The story is imagined, but it is also the condition of our minds. It is the condition of the mind of the whole human race. We have become eager for one another’s destruction. If someone asks: why this eagerness? Eagerness should be for living life. Eagerness should be for how to create a more blissful life. But the eagerness is for how to destroy someone — even on the condition that we ourselves may be destroyed. What mistake has happened in this whole race?

The first mistake, the fundamental mistake that is eating away all education and all civilization, is this: up to now the entire construction of life has happened around man, not around woman. All civilization, all culture, all education up to now has been created by man, in man’s manner; not in woman’s manner.
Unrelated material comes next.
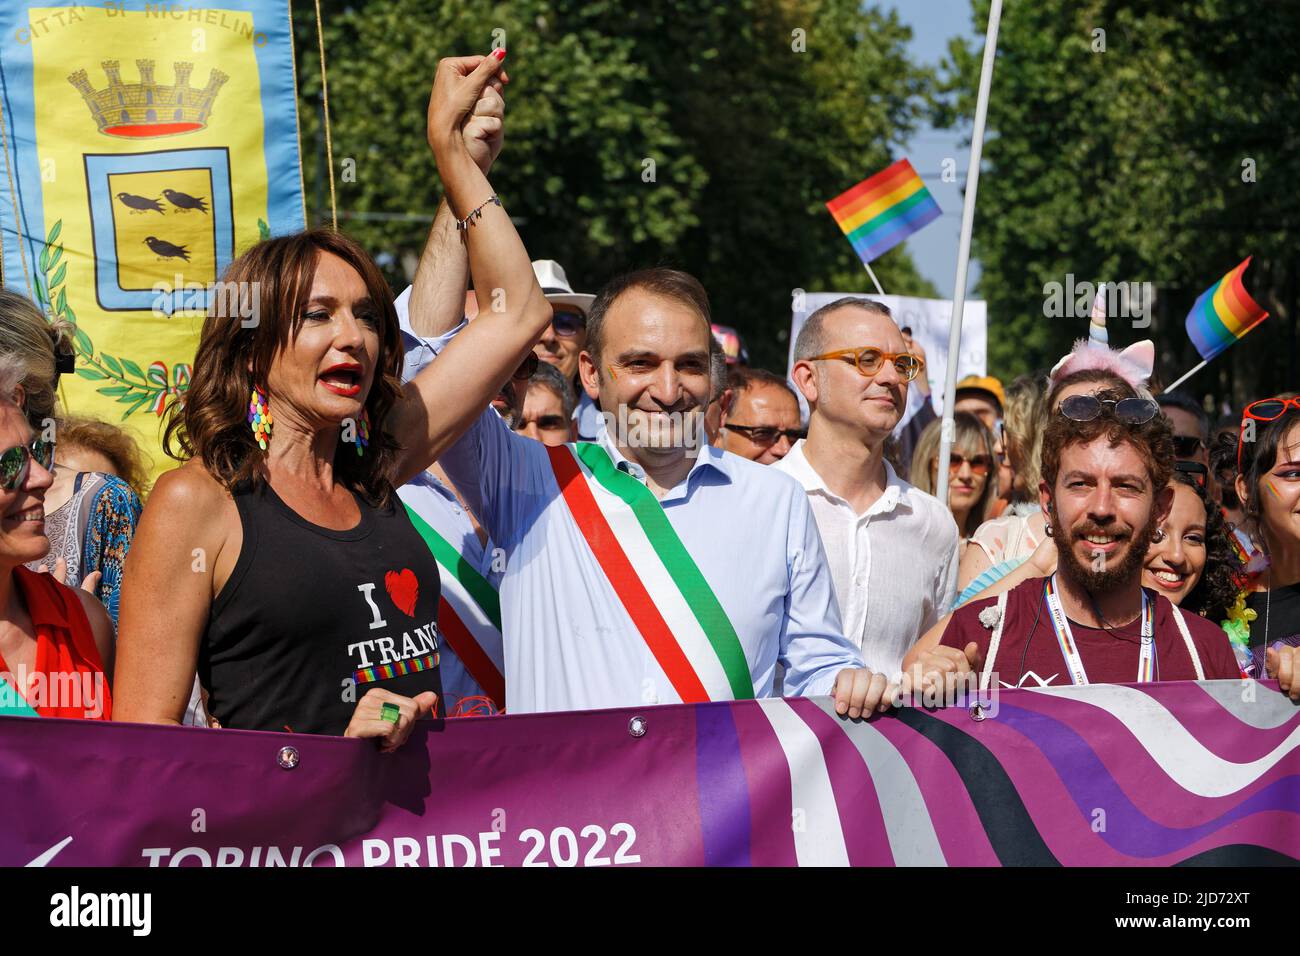 Turin, Italy. 18th June, 2022. The personalities (from the left: activist Vladimir Luxuria, Major Stefano Lo Russo, Council member Jacopo Rosatelli, coordinator Marco Giusta)walk at the head of the Torino Pride 2022 parade. Credit: MLBARIONA/Alamy Live News Stock Photo

Whatever qualities belong to man, civilization has taken them to be all in all. The possibilities that belong to woman, the seeds hidden in the heart of woman and how they can be developed — no attention has been given there. Man is utterly incomplete; without woman, very incomplete. And if man alone creates civilization, then that civilization will be incomplete; not only incomplete, it will be dangerous.

It will be dangerous because the intense longing in man’s mind is ambition. In man’s mind, love does not sit very deep — ambition does. And where there is ambition, there will be jealousy; where there is ambition, there will be violence; where there is ambition, there will be hatred; where there is ambition, there will be war. Man’s whole consciousness is filled with ambition. In woman’s consciousness there is no ambition; rather, there is love. And our entire civilization is utterly empty of love — void of love — there is no place in it for love. Man fashioned the whole thing in his own way. Even his entire education he constructed in his own way. The structure he has given to life is in his own manner. In it, war is central; struggle is central; the sword is central.
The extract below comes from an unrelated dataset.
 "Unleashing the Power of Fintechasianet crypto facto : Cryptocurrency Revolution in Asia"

So much so that if a woman also stands with a sword, man gives her great respect. Joan of Arc, the Rani of Jhansi — man respects them. Not because they were precious women, but because they were women like men. He erects their statues at crossroads. He sings, “She fought like a man; she was the queen of Jhansi.” He says she was man-like; that is why he respects her. But if a man is womanly, he dishonors him; he does not respect him. If a woman is manly, he respects her. If a woman takes up the sword, becomes a soldier — in man’s heart there is reverence. In man’s heart, apart from violence and ambition, there is no reverence for anything.
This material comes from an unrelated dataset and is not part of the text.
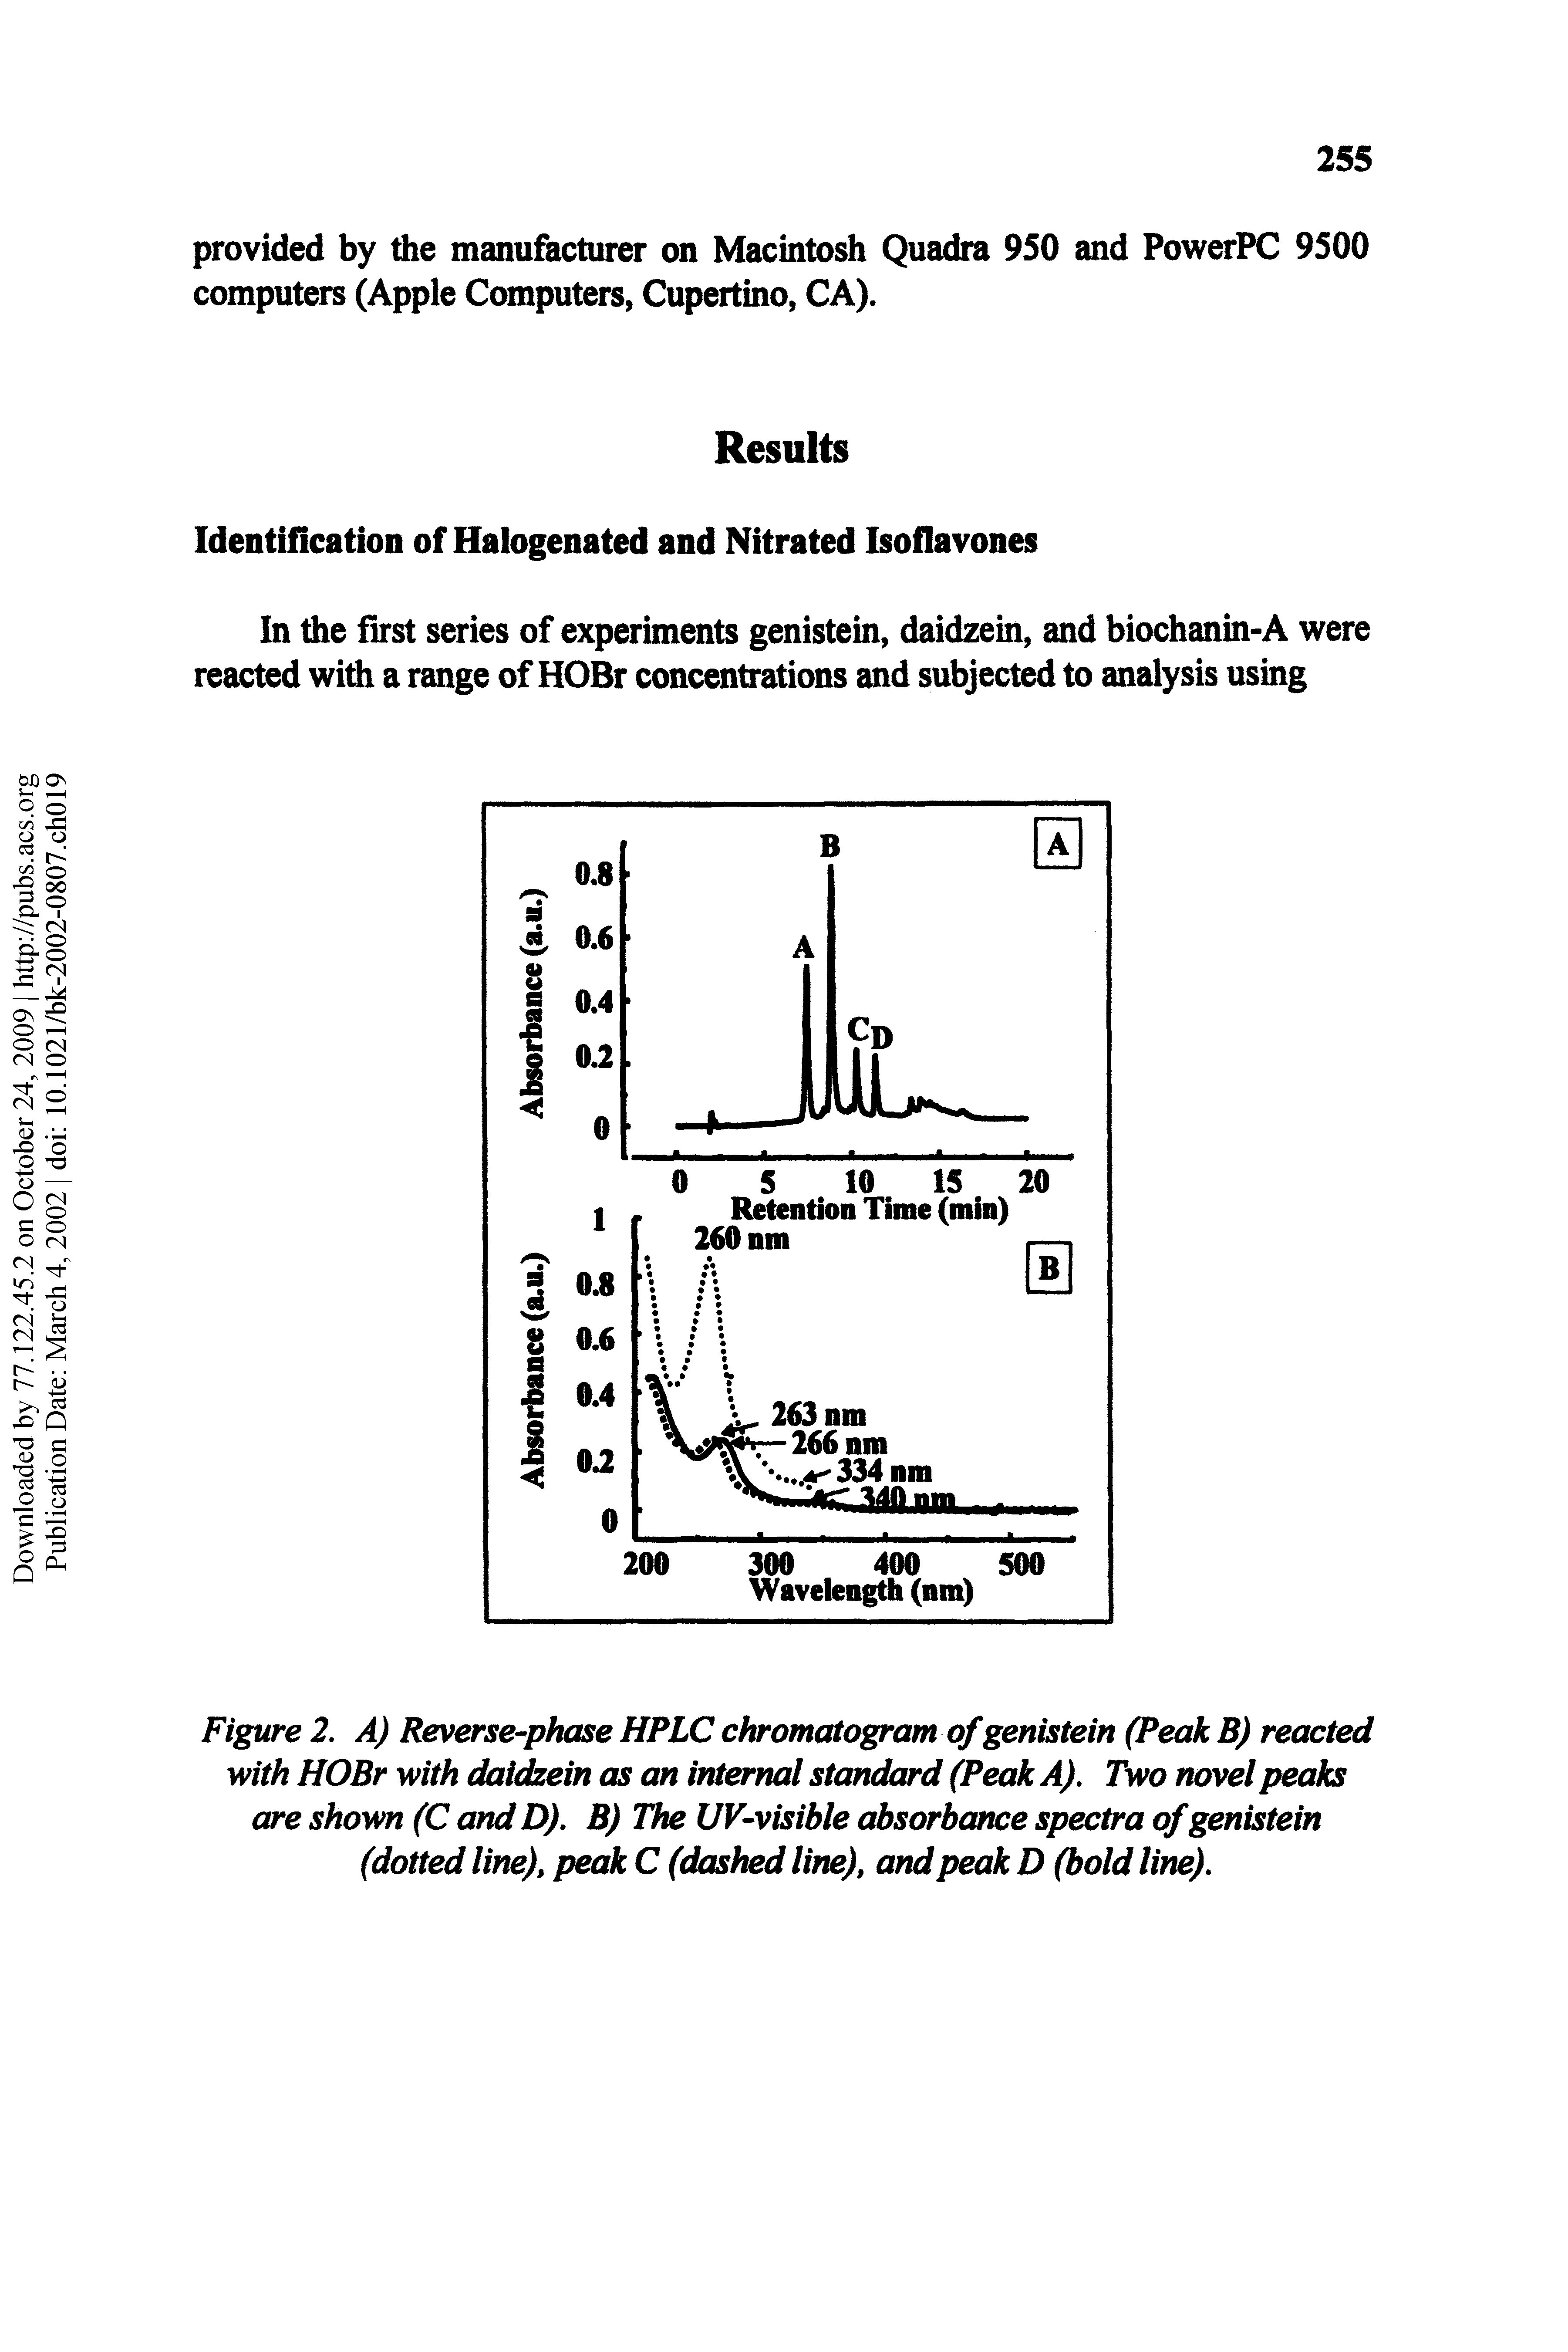 Figure 2. A) Reverse-phase HPLC chromatogram of genistein (Peak B) reacted with HOBr with daidzein as an internal standard (Peak A). Two novel peaks are shown (C and D). B) 7%e UV-visible absorbance spectra of genistein (dotted line), peak C (dashed line), and peak D (bold line).

This man who is incomplete — all education too has been fashioned for this man. For thousands of years woman was given no education. One great mistake — that woman remained uneducated. Then, for some years now, woman is being educated. And now a second mistake is being made — that woman is being given the same education as men. This will produce a woman more dangerous than the uneducated woman. The uneducated woman was at least a woman. The educated woman comes closer to man; she remains less of a woman. Because the education through which she passes was basically designed for man. A kind of woman is being created across the world who — if for a hundred or two hundred years this education continues — will lose her entire feminine-dharma. Whatever is significant in her life, whatever is precious in her talent, whatever is true in her nature — all that will be destroyed.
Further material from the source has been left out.